Supplied entries:
· · ·

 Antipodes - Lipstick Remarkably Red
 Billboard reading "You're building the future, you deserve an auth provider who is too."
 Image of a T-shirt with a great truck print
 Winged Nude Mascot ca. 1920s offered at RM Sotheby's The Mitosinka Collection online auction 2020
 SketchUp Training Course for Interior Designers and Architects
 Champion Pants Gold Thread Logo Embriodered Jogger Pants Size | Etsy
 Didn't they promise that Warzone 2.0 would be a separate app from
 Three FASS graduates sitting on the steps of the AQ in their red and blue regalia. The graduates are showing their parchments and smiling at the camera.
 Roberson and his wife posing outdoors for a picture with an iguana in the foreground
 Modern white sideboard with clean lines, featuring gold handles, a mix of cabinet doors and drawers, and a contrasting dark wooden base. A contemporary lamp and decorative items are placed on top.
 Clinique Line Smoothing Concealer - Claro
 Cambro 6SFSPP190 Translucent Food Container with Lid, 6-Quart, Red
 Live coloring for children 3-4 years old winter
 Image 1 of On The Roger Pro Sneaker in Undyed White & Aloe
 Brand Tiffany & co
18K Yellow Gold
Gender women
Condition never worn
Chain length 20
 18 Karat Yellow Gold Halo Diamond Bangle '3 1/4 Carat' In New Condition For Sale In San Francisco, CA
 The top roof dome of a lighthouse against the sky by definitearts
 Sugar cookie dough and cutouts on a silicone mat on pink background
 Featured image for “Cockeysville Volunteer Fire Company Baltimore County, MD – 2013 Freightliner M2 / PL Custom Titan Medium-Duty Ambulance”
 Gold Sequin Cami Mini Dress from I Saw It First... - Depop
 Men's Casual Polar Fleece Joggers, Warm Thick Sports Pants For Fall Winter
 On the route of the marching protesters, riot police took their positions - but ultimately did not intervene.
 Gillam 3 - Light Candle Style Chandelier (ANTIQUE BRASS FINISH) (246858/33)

· · ·

Work instruction: Within the entries above, find every line where the string "Condition" occurs, and copy it.

Answer to this problem:
Condition never worn
 18 Karat Yellow Gold Halo Diamond Bangle '3 1/4 Carat' In New Condition For Sale In San Francisco, CA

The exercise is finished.